The study screened 23 patients in total, and 20 underwent bone marrow aspiration.1 Autologous bone marrow culture did not yield a sufficient number of MSC or MSC neurotrophic factor (MSC-NTF) cells in 2 of these participants, so only 18 participants underwent treatment. This group included 10 females and 8 males with a median age of 47.4 (± 9.6). Their mean expanded disability status scale (EDSS) score was 5.4 (±1.3) and the mean time from first MS symptoms was 17.7 (±7.9) years. Thirteen of the 18 patients (72%) were receiving anti-CD20 therapies and 14 had a diagnosis of secondary PMS while 4 had a diagnosis of primary PMS. One of the 18 patients only received 2 of the planned 3 administrations of NurOwn, while the other 17 received all 3. It was noted that 2 patients discontinued participation due to procedure-related adverse events, including 1 of the previously mentioned cases of arachnoiditis. Where possible, the efficacy data from the patients in the clinical trial was compared to 48 matched control patients selected from the Comprehensive Longitudinal Investigation of Multiple Sclerosis (CLIMB) registry at Brigham and Women's Hospital and the Ann Romney Center for Neurologic Diseases.2
Among the 18 treated participants, 38% demonstrated at least 10 points improvement from baseline on the 12-item multiple sclerosis walking scale (MSWS); 27% showed at least an 8-letter improvement in low contrast letter acuity (LCLA) binocular at a 2.5% contrast threshold; 67% demonstrated at least 3 points of improvement in the symbol digit modality test (SDMT); and 47% demonstrated at least 8 points of improvement in LCLA binocular at a 1.25% contrast threshold. By contrast, among matched CLIMB registry patients, 4% achieved 25% or better improvement on T25FW or 9HPT at 28 weeks; 6% showed an 8-letter or more improvement in LCLA binocular at the 2.5% contrast threshold; and 18% showed a 3-point or higher improvement on SDMT. CLIMB registry data was unavailable for the 12-item MSWS and LCLA binocular at a 1.25% contrast threshold.

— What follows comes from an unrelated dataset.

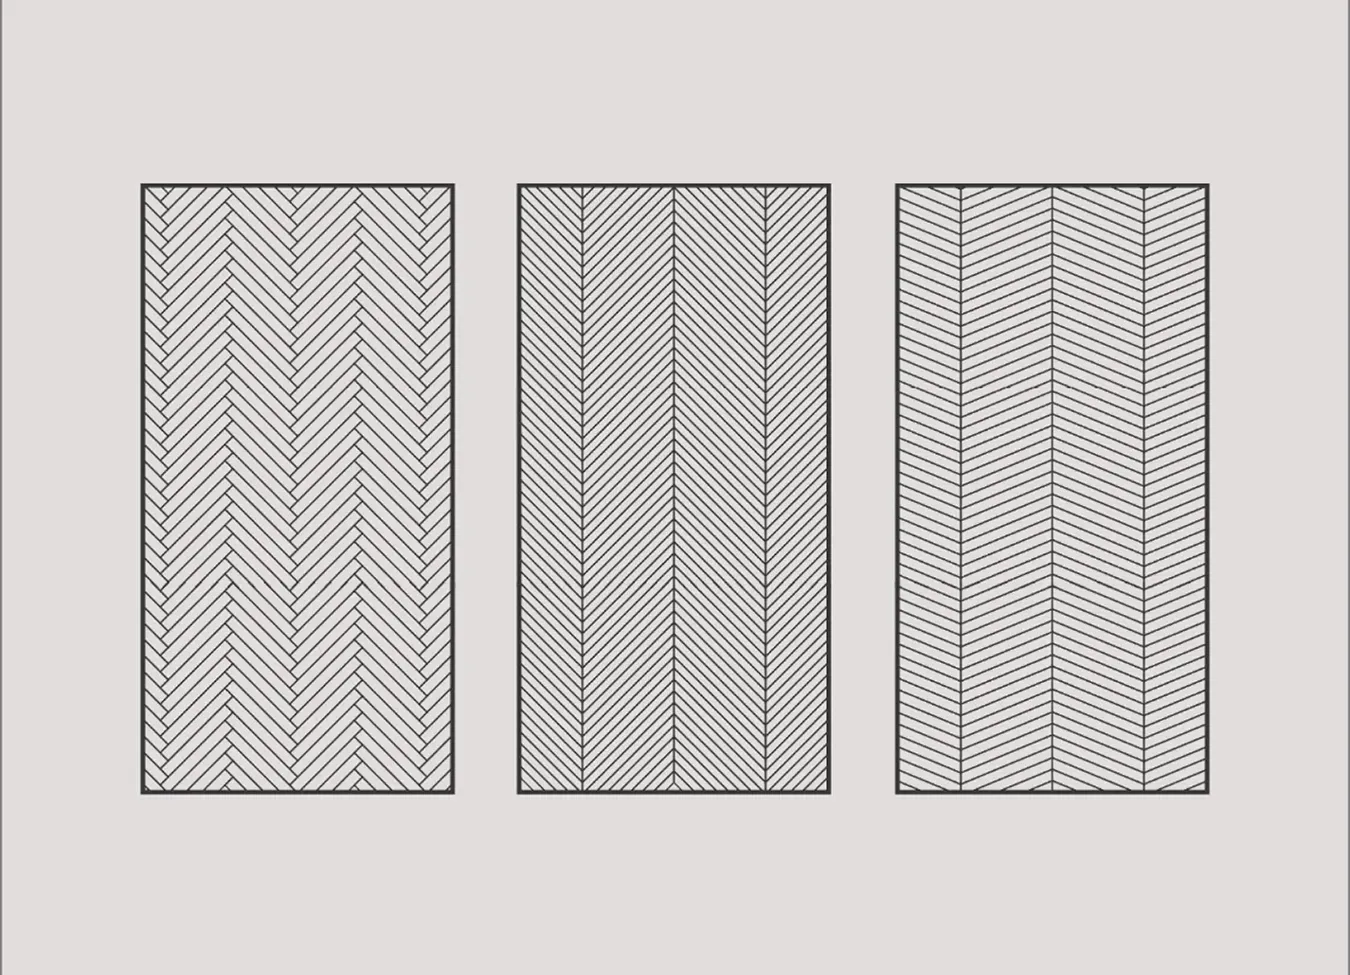 Diferencias entre los patrones de parquet espiga italiano, húngaro y francés, destacando los ángulos y configuraciones únicos.

“We did not observe changes in MRI FLAIR lesion count or volume, suggesting the absence of measurable disease activity during the clinical trial. Therefore, it is not possible to extrapolate the observations in this study to PMS patients experiencing clinical or MRI disease activity,” Kern and colleagues wrote, acknowledging a limitation of the study.1 They also pointed out that “this small open-label study did not directly compare treatment outcomes with a randomized placebo-treated group; therefore, the interpretation of efficacy data may be limited by expectation bias. A limitation of the biomarker analysis was that the third CSF specimen was obtained just prior to the third treatment and, therefore, only reflects the effect of the first two treatments.”
The investigators concluded that the findings of the study were encouraging in terms of NurOwn’s safety profile, the efficacy data, and the positive biomarker data. However, they also highlighted the importance of confirming these results with a future placebo-controlled trial. They additionally pointed out that further investigation is necessary to determine the role and usefulness of several of the biomarkers examined in assessing efficacy for PMS treatment.